Voters passed constitutional amendments two years ago to ensure legislative and congressional districts would be compact and not drawn up to protect incumbents or political parties. After the court rejected the Senate's first maps drawn under the new Fair District anti-gerrymandering rules, senators fixed the errors in the eight districts cited by justices.
The new Senate District 26 encompasses a vast swath of Southwest and Central Florida from Anna Maria Island to Lake Okeechobee, mixing the political interests of islanders and retirees with ranchers and farmers across seven counties. And this represents an improvement from the previous nine-county district, yet remains a puzzling attempt at compactness.
In her opinion issued with Friday's court ruling, Justice Barbara Pariente admitted the Fair District standards were not "being fully effectuated" because of time constraints and other pressures. The state constitution only allows the Supreme Court 30 days to review the Legislature's redistricting proposals. Plus, with candidate qualifying for office coming up quickly, from June 4-8, the high court could not delay a decision.
The Fair District requirements, however, place far more complicated issues into consideration, and more time is essential for judicious reviews. Justice Pariente called for constitutional changes instigated either through the Legislature, the 2018 Constitutional Revision Commission or the citizen initiative process -- a remedy that should be pursued. Fair Districts came about as a result of a citizen initiative, and that may be the only way to adopt additional changes since politicians are loath to cede any power.
Florida should also pursue the establishment of an independent apportionment commission as Pariente suggests. Since lawmakers cannot be expected to ignore politics when redrawing districts, a nonpartisan process should be reconsidered, having been discussed by the 1998 Constitutional Revision Commission but then dropped. All this should occur well ahead of the next census.
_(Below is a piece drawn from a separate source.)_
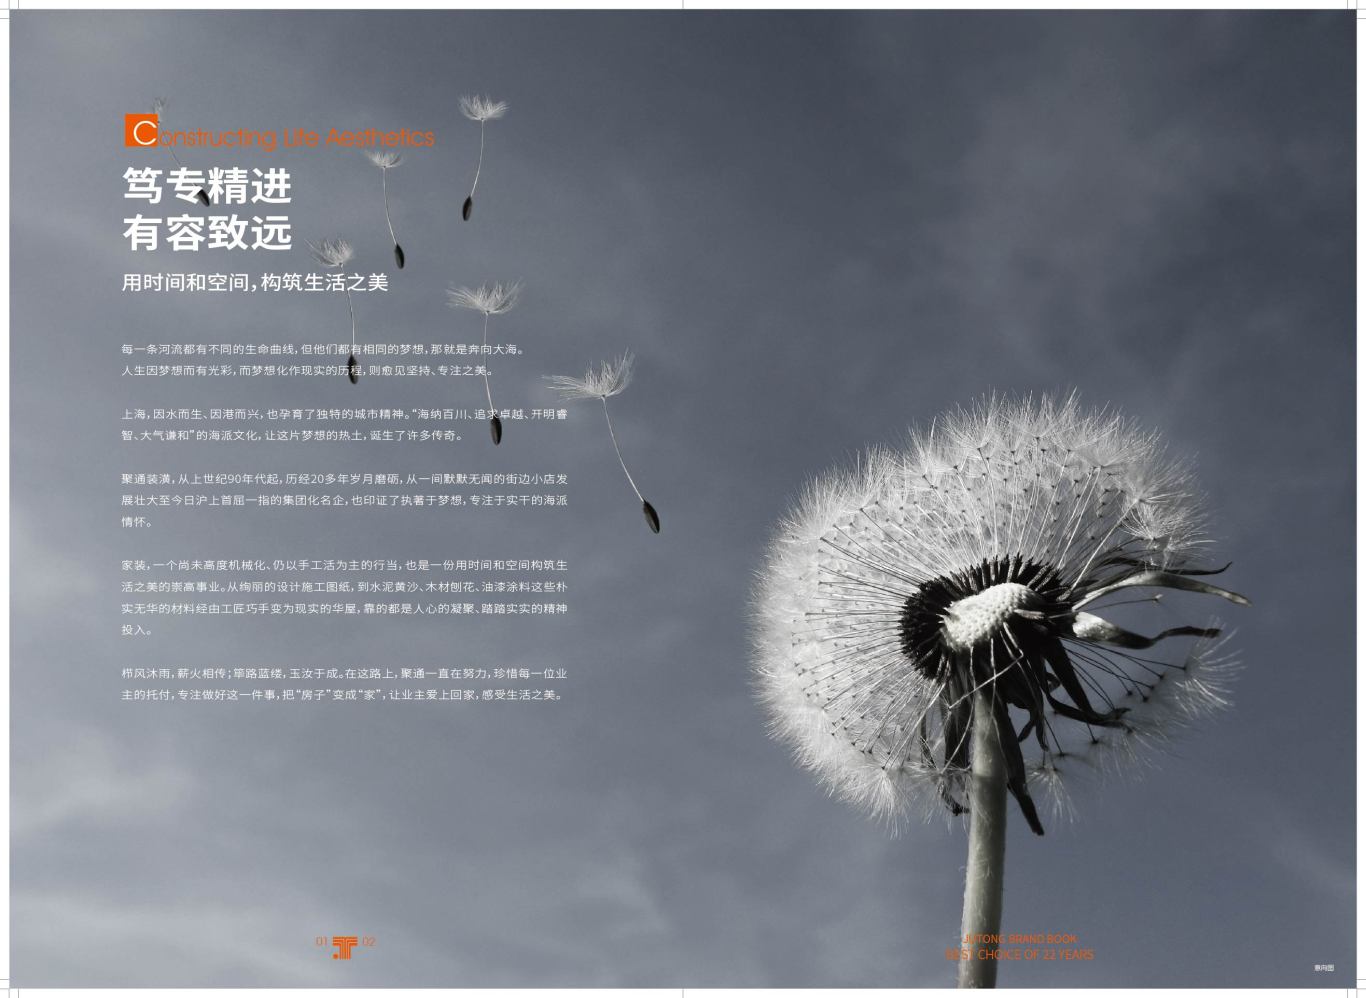 上海聚通装饰集团宣传手册设计图0

While the approved Senate districts are not perfect, the boundaries bear much of the fruit of the Fair District standards. One of the organizations in the coalition that issued the court challenge, the Florida League of Women Voters, agreed. President Deirdre Macnab stated the new requirements resulted in more districts with competitive political races, more cities and counties united, and additional districts being geographically compact. (One exception would be the sprawling Senate District 26.)
The Supreme Court unanimously approved the state House redistricting maps in early March, a testament to that chamber's work to follow Fair Districts.
On Monday, the U.S. Justice Department issued a determination that the state Senate, House and congressional maps complied with the federal Voting Rights Act, a requirement before final adoption. A Tallahassee-based circuit court then approved the congressional map, but with a caveat. Judge Terry Lewis stipulated that he cannot rule on the constitutionality of the new districts without additional testimony and evidence in a full trial, but the maps can be implemented in the upcoming election. The League of Women Voters promptly vowed to continue the court battle and pursue changes for the 2014 congressional races.
With uncertainty aside, candidates can now proceed in all of these races. The Fair District standards have changed the political landscape, but additional reforms are warranted. Citizens may need to rise up again to accomplish that task.